Additionally, to promote the retention of our NEOs and ensure continuity and stability in Cerner's business following Mr. Patterson's passing in July 2017, the Compensation Committee awarded our NEOs (excluding Mr. Illig) retention awards in the form of time-based RSUs. More details on the specifics of these grants is provided below under "Compensation of the other NEOs."

Base Salary. As set forth above, the Compensation Committee reviews peer group data and recommendations proposed by the CEO, Chief People Officer and human resources compensation team prior to approving the base salary of our NEOs during the first quarter of each calendar year. Base salary is based on the duties and responsibilities that each NEO is expected to discharge during the current year and on the NEO's performance during the prior year.

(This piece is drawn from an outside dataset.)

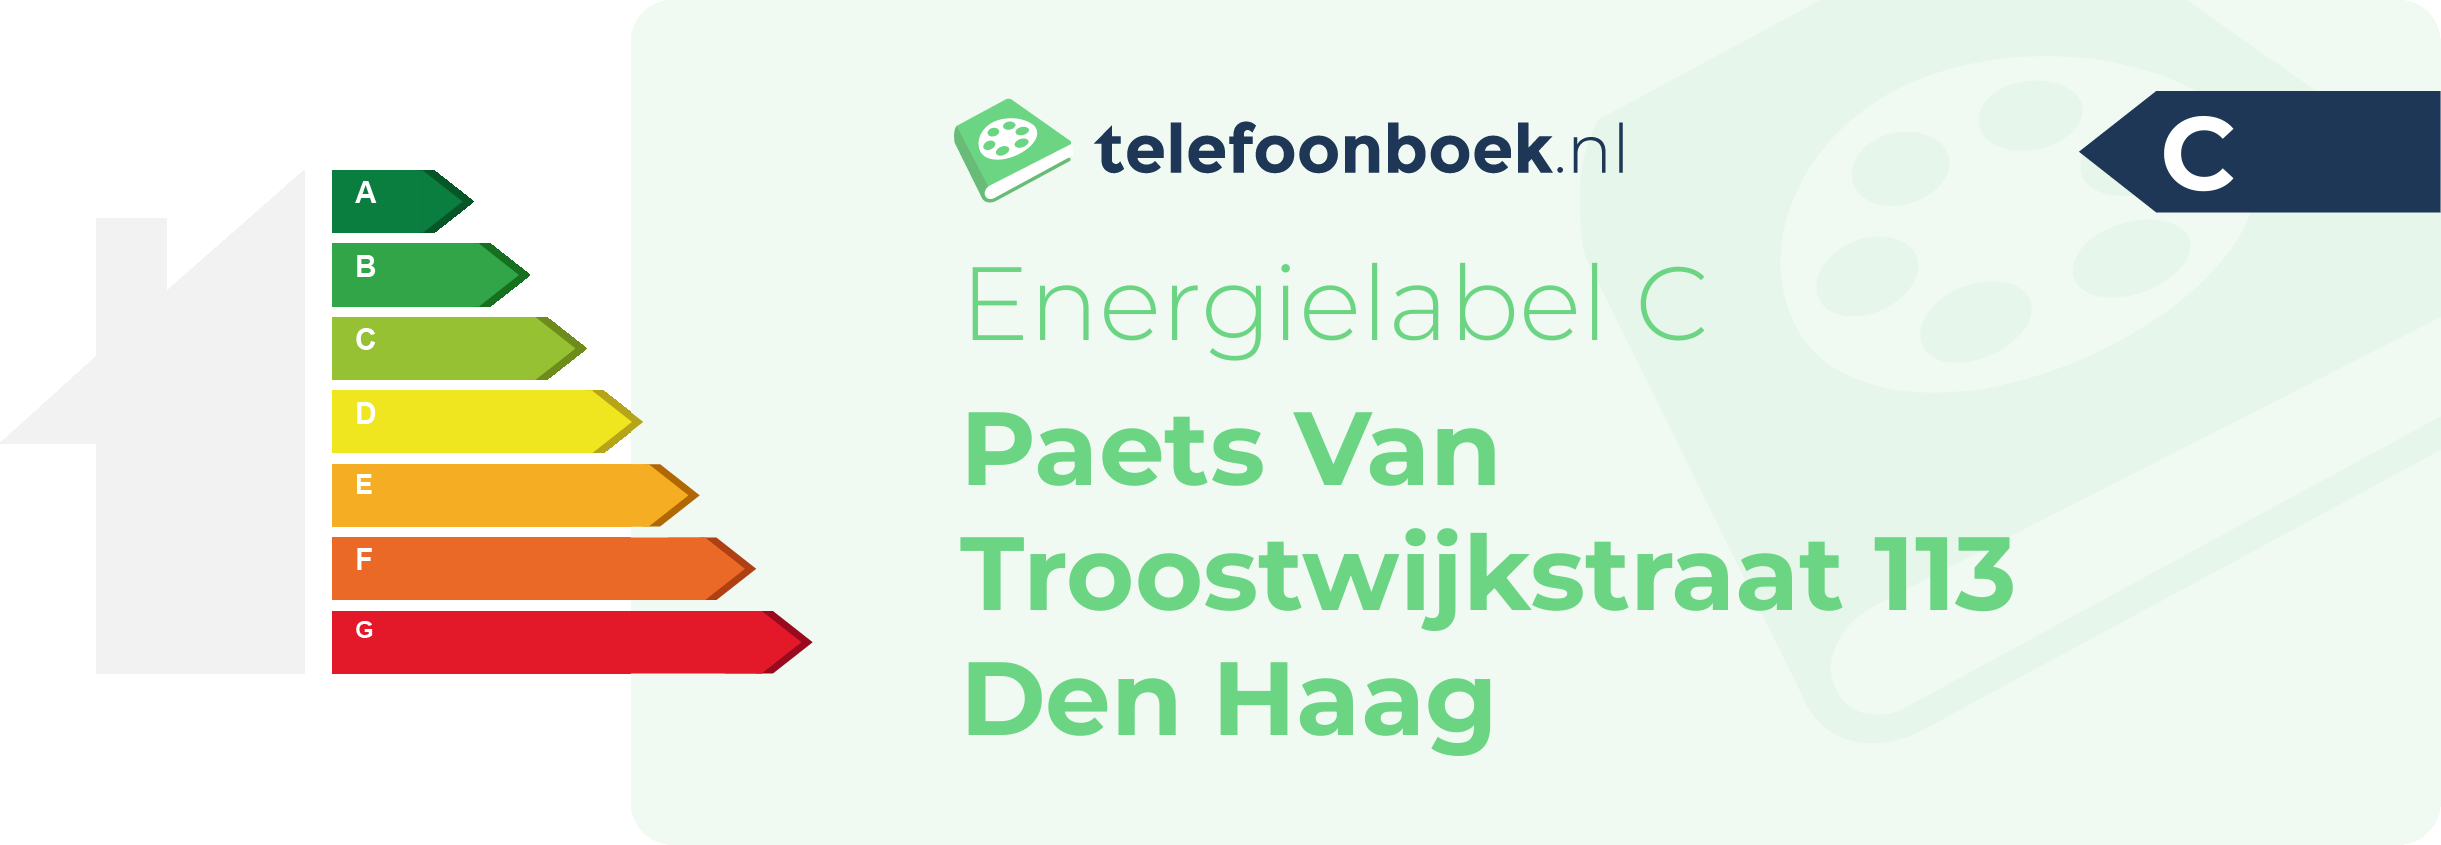 Energielabel Paets Van Troostwijkstraat 113 Den Haag

We also perform external market comparisons for the NEOs, relative to industry-specific peers as disclosed above, based on individual job responsibility. This comparison data helps ensure that the proposed NEO's compensation is within reasonable market comparison ranges and in line with our compensation strategy, detailed above.

Performance-Based Cash Incentive Compensation. Our performance-based cash incentive compensation plans are designed to provide a meaningful incentive on both a quarterly and annual basis to key associates and NEOs and to motivate them to assist in achieving short-term Company goals. Individual payments vary, depending on individual performance and, in some cases, business unit operational achievements. In 2017, we granted these cash incentives pursuant to our shareholder approved Cerner Corporation Performance-Based Compensation Plan (as amended and restated May 27, 2016) ("Performance-Based Compensation Plan"). Each of our NEOs was eligible to participate in this Performance-Based Compensation Plan.

Performance targets for an upcoming year are initially developed and recommended by management in connection with our annual financial planning process during the last quarter of the year. The Compensation Committee reviews the performance targets proposed by management for the NEOs to ensure they reflect appropriate business growth and return to our shareholders.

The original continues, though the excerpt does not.